§ **WHAT IS NEEDED**: An exact repetition of the data below, without images, is the expected answer.

§ **SUPPLIED INFORMATION**:
-------

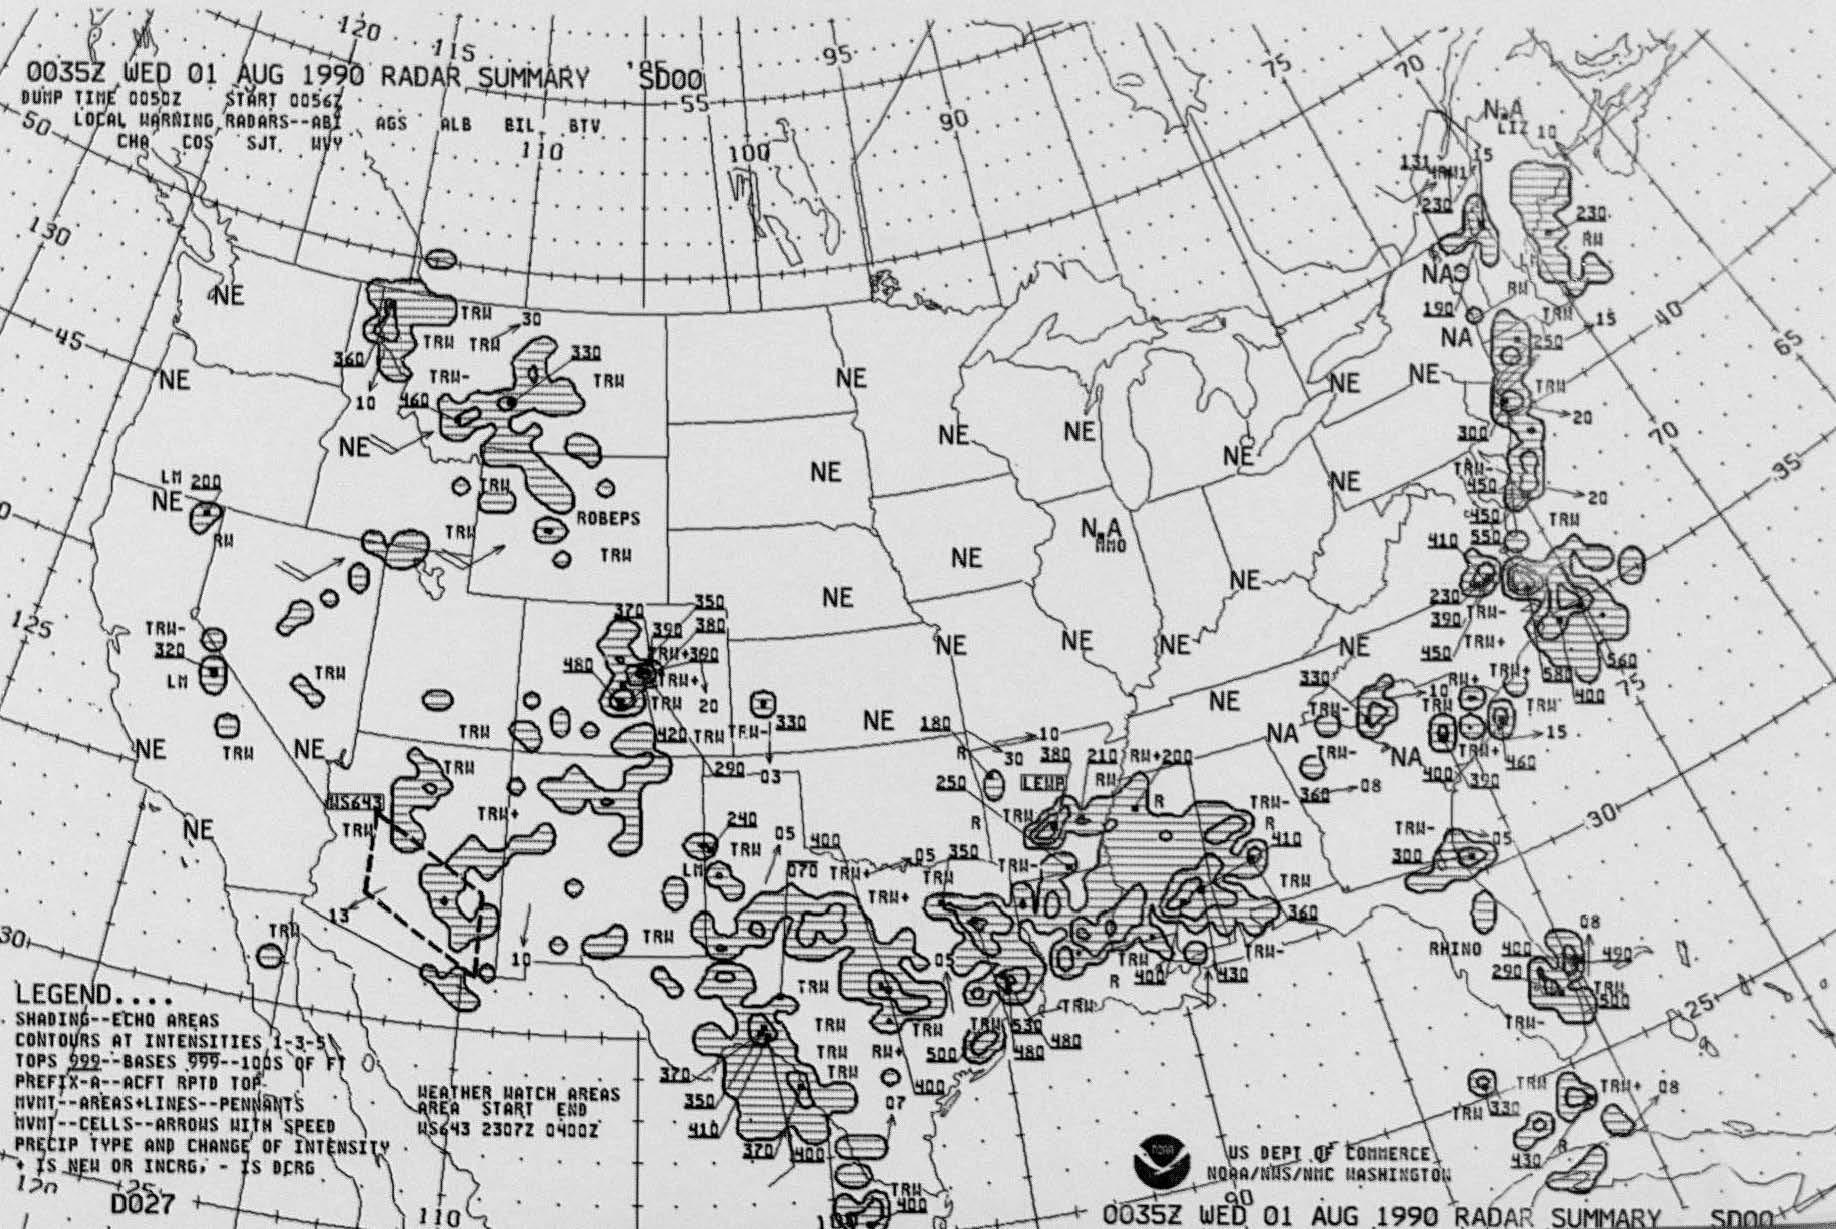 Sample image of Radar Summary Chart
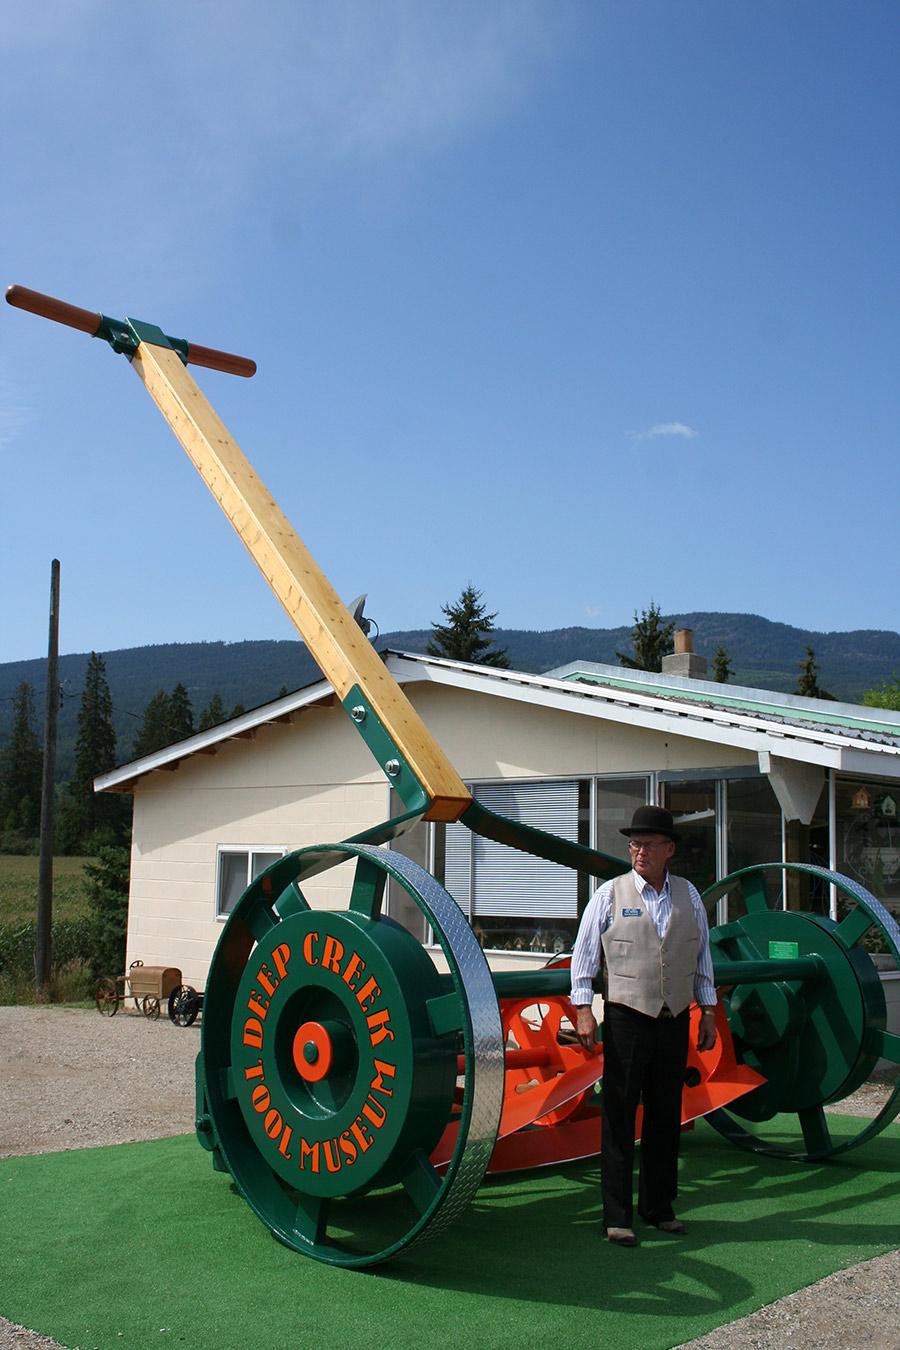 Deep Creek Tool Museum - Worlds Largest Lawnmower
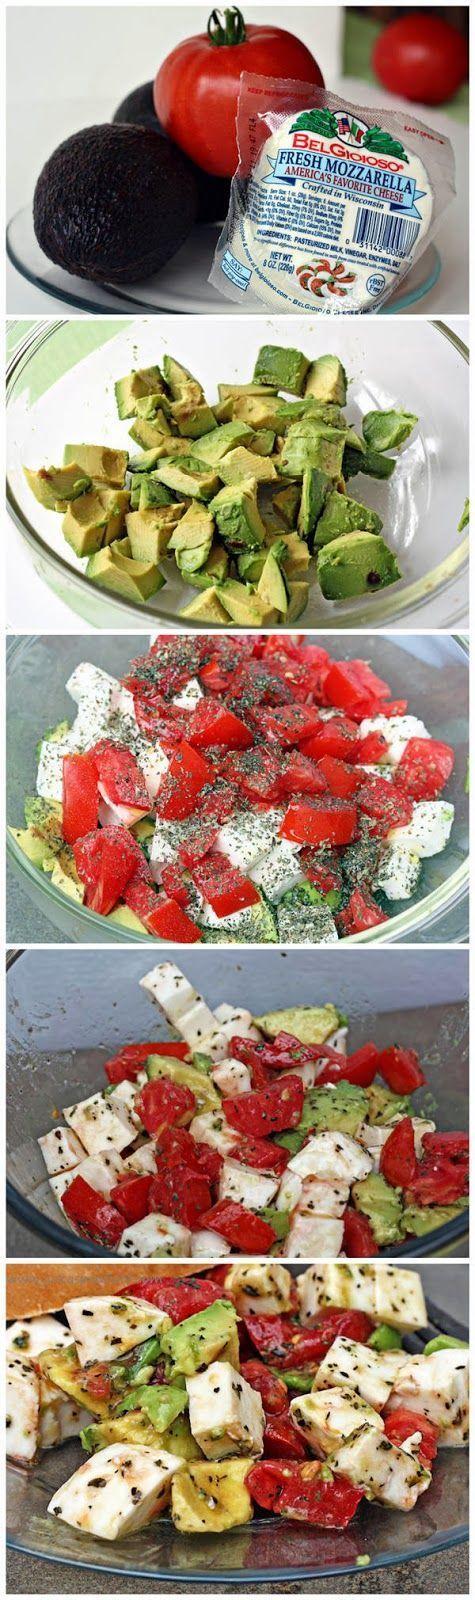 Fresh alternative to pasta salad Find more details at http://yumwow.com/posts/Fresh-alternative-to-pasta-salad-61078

-------

§ **WORKED SOLUTION**:
 Sample image of Radar Summary Chart
 Deep Creek Tool Museum - Worlds Largest Lawnmower
 Fresh alternative to pasta salad Find more details at http://yumwow.com/posts/Fresh-alternative-to-pasta-salad-61078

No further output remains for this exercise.